What you need to do | Print the lines below from the line with "Puro Milano Music" to the line with "Cotton Blend Slim" exactly, keeping both ends, and print no pictures.

Available records |
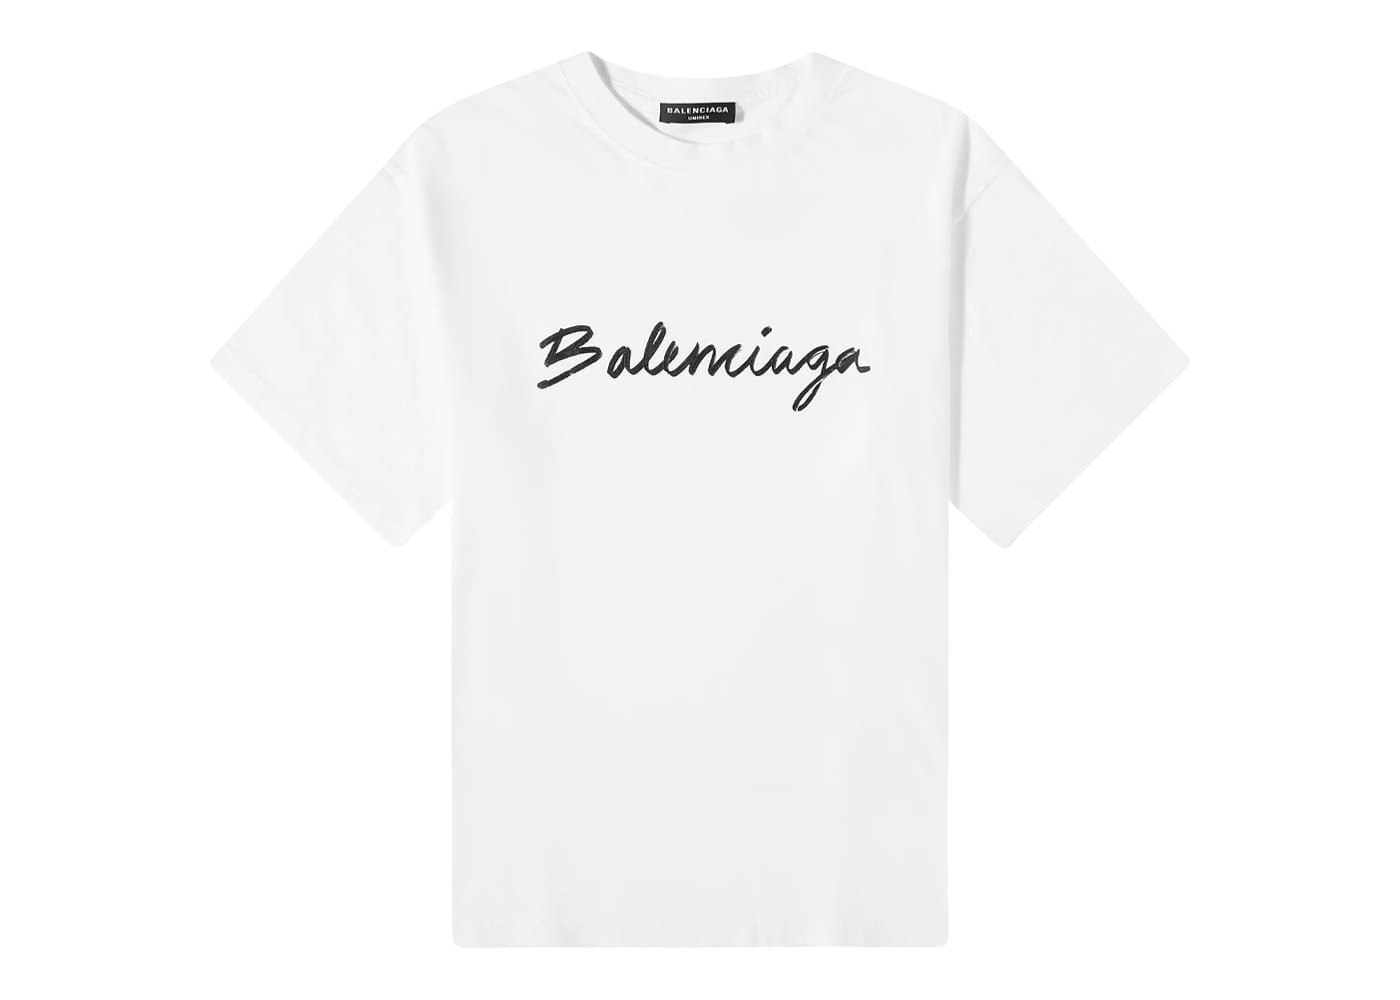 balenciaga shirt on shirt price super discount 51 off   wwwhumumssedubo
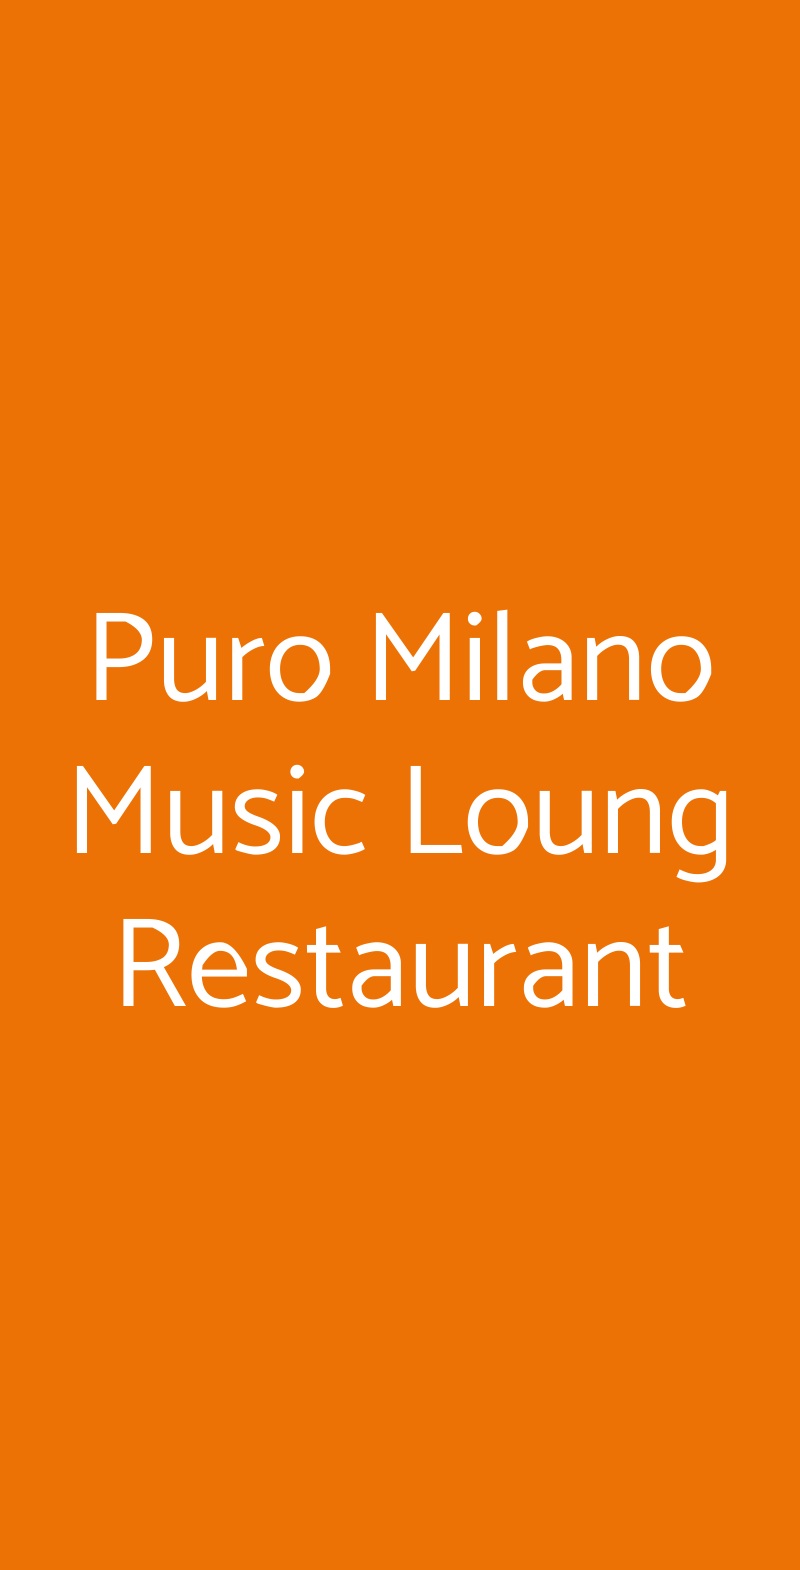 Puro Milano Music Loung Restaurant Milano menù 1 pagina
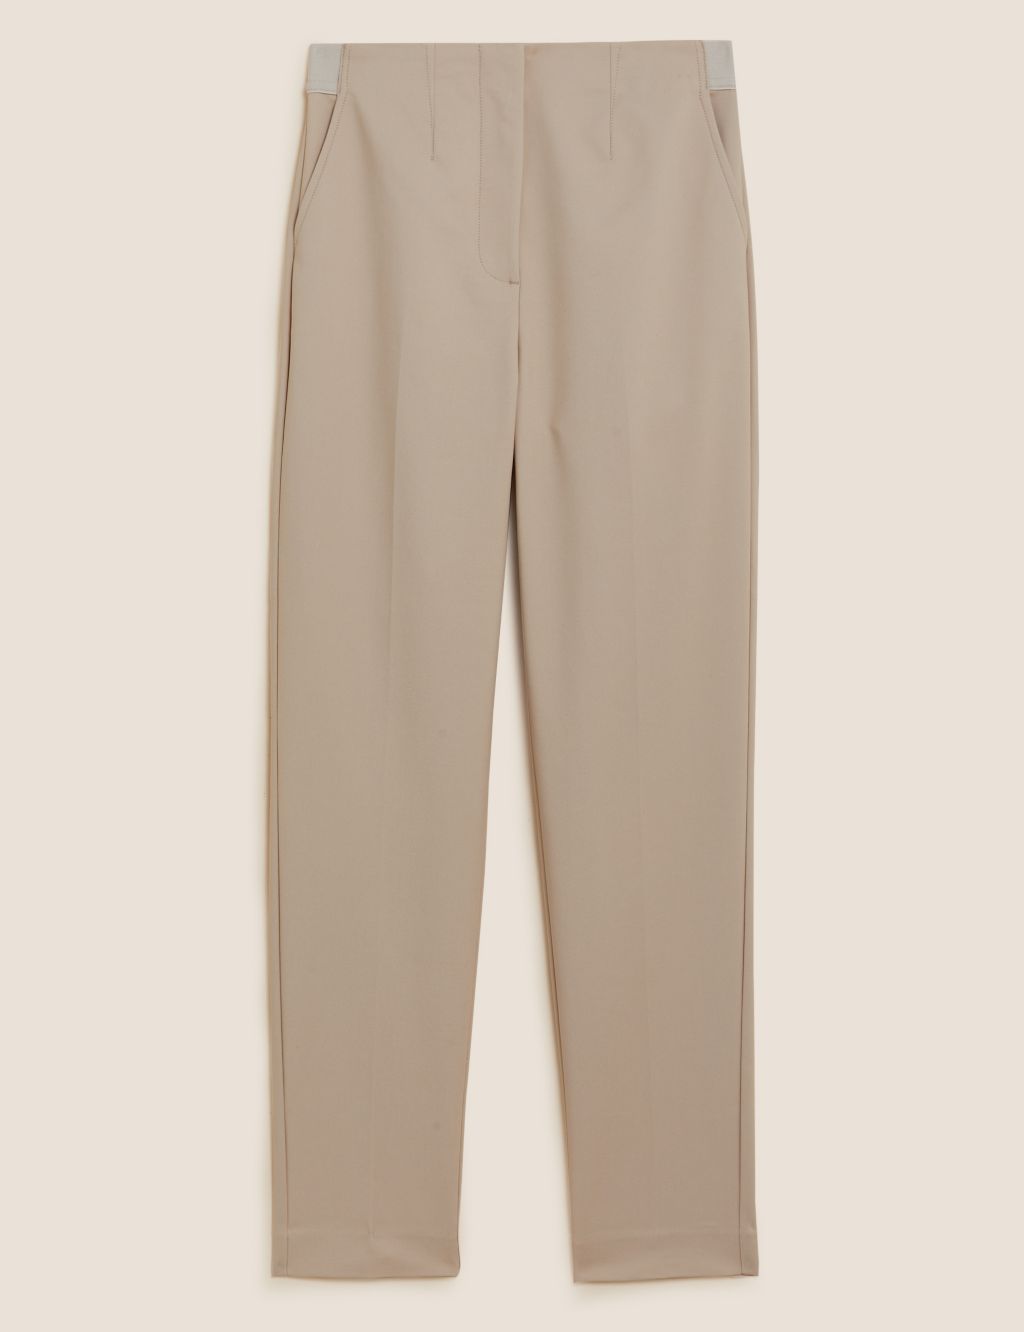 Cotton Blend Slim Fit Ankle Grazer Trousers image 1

---

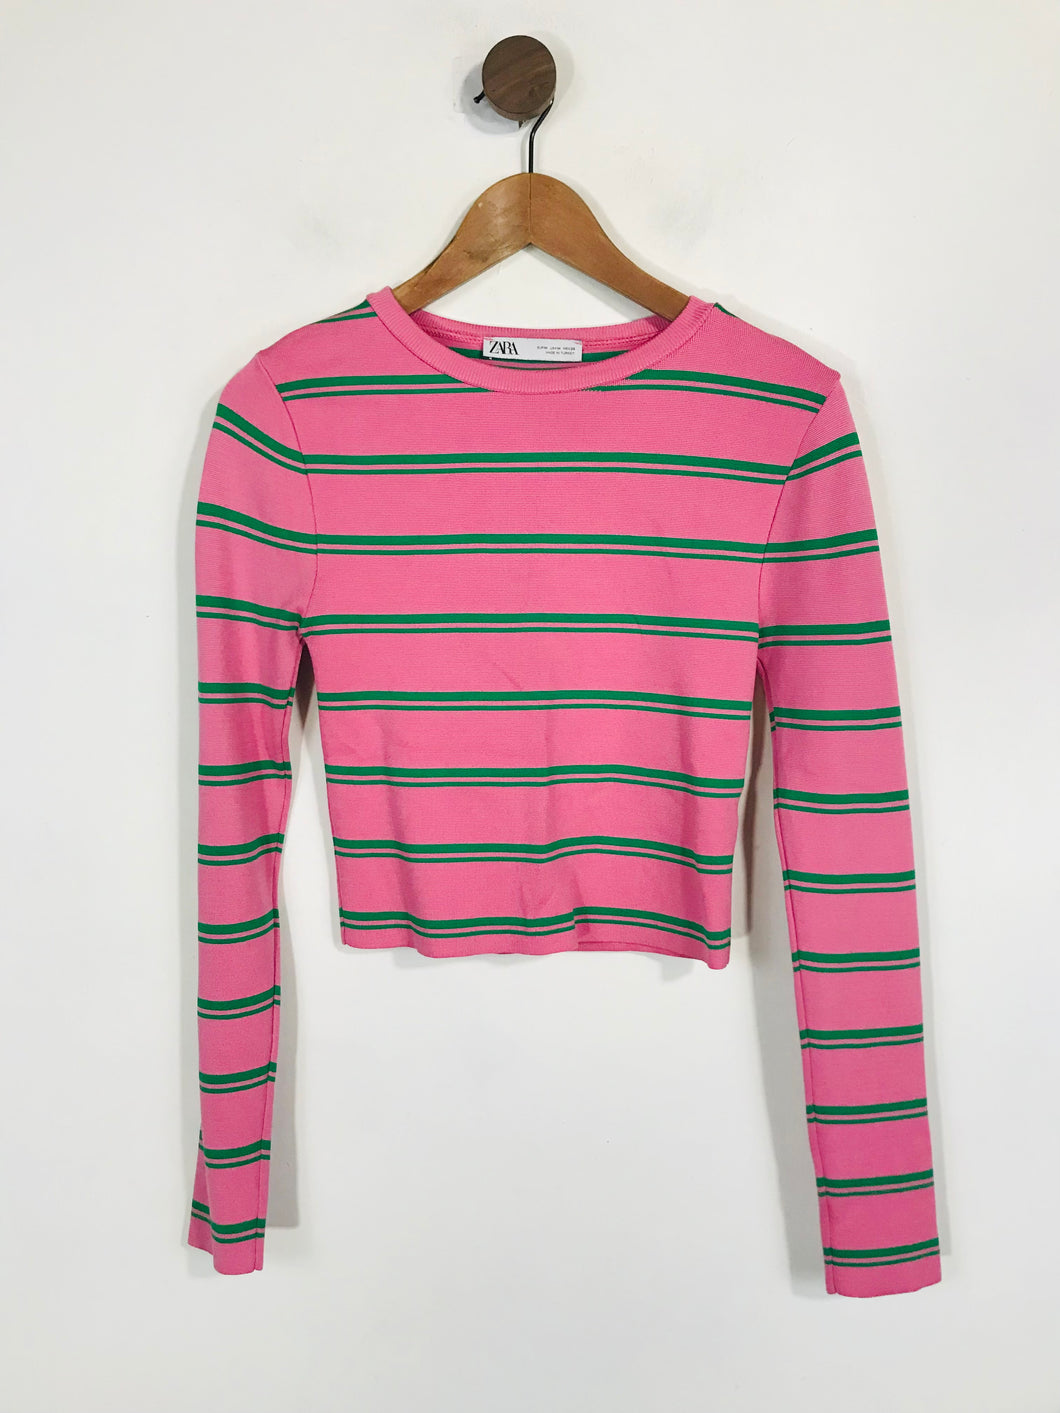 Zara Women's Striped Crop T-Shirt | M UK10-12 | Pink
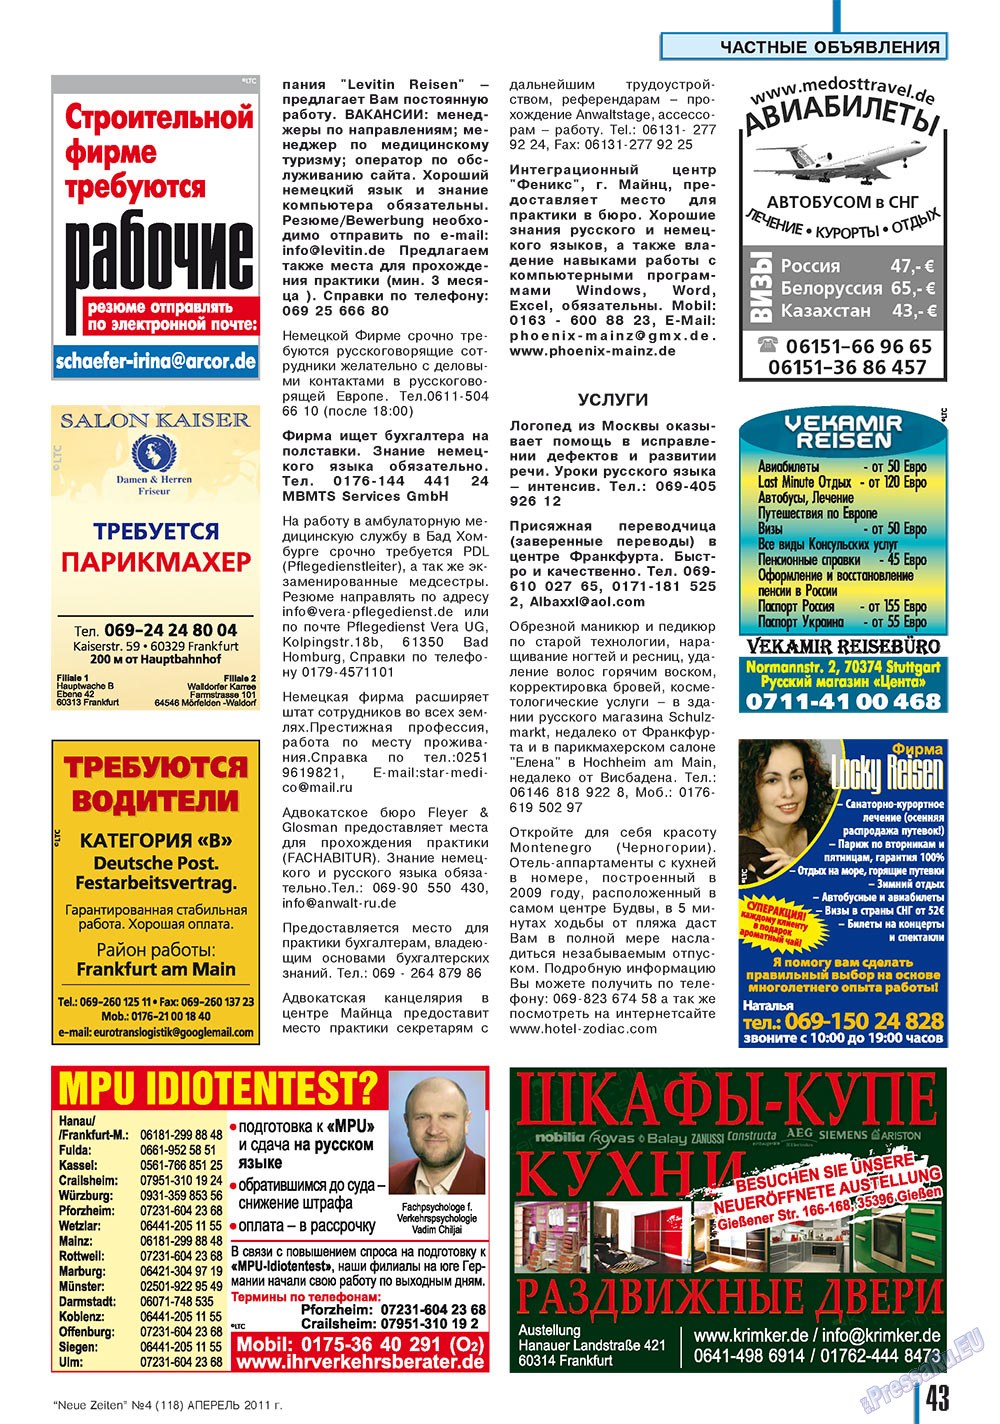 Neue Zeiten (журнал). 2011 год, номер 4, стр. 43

--

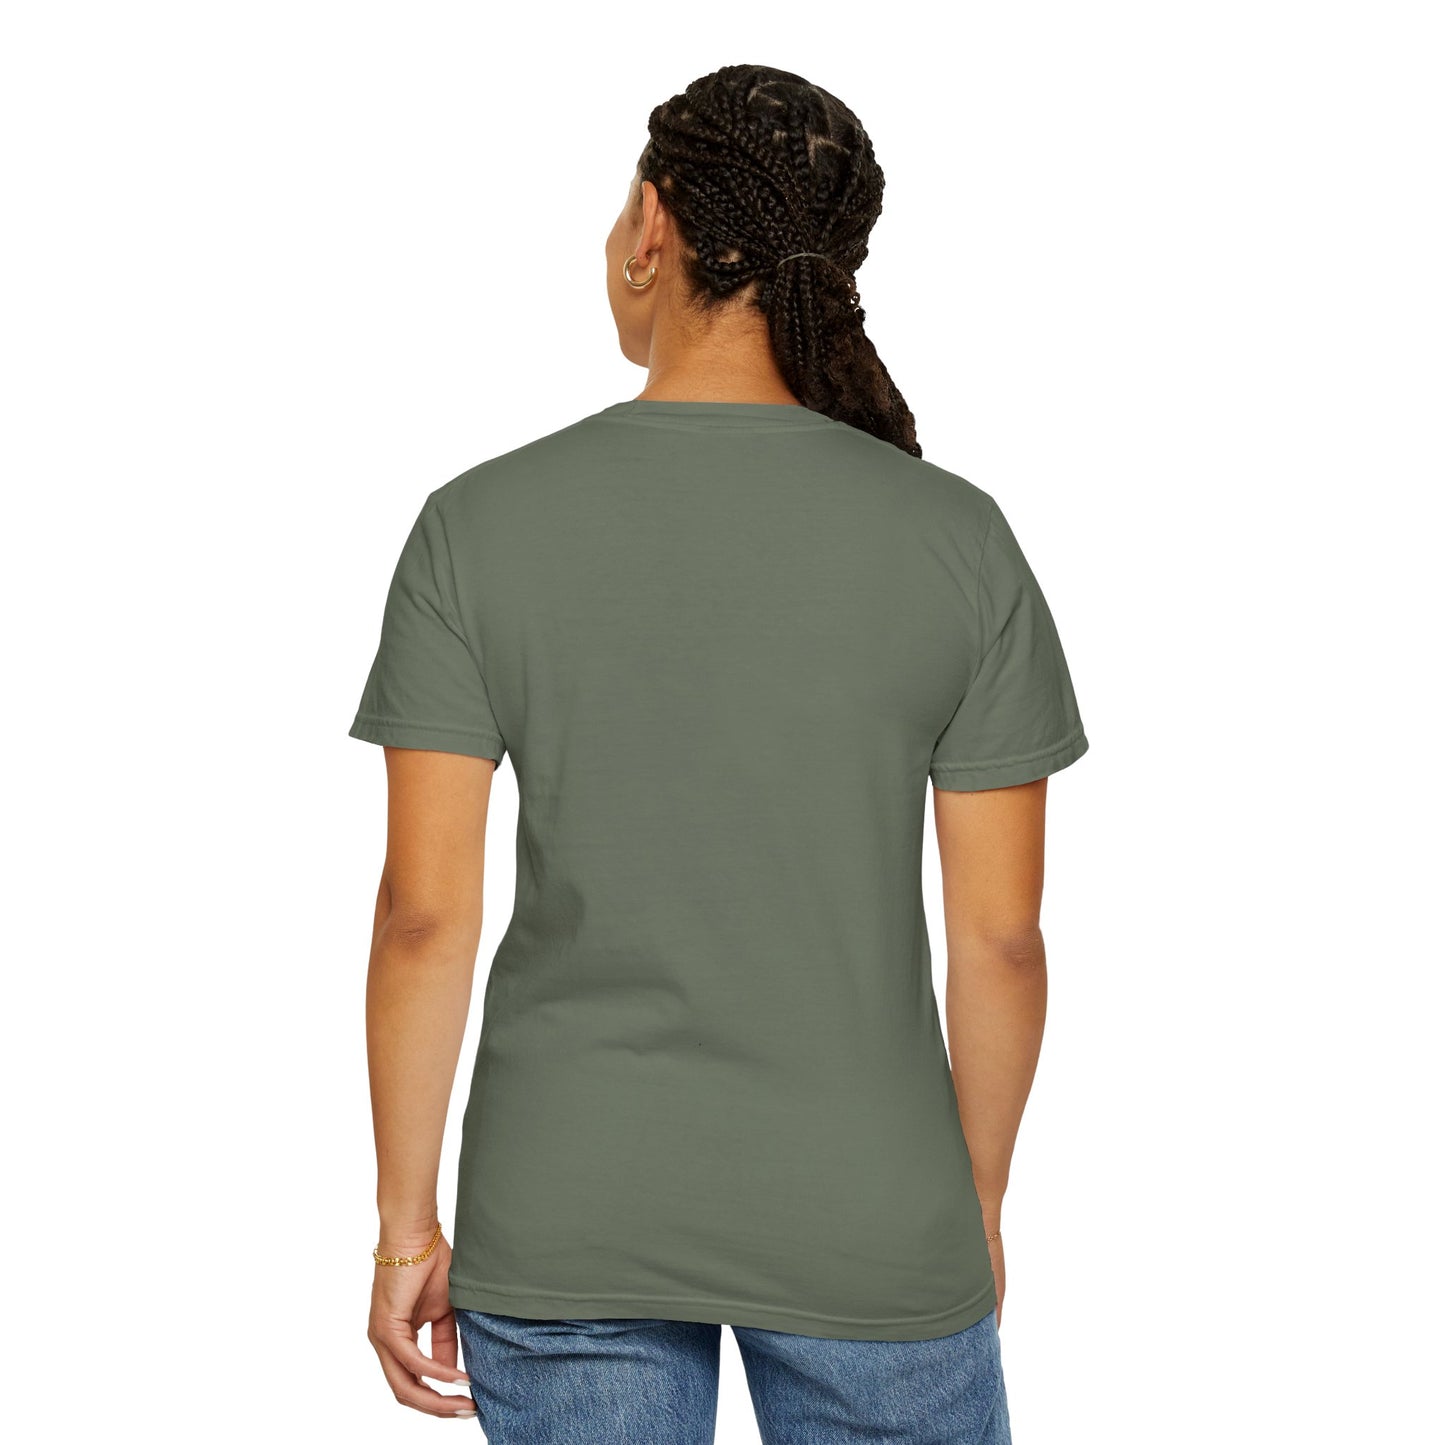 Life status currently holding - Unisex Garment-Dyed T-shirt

Solved problem |
 Puro Milano Music Loung Restaurant Milano menù 1 pagina
 Cotton Blend Slim Fit Ankle Grazer Trousers image 1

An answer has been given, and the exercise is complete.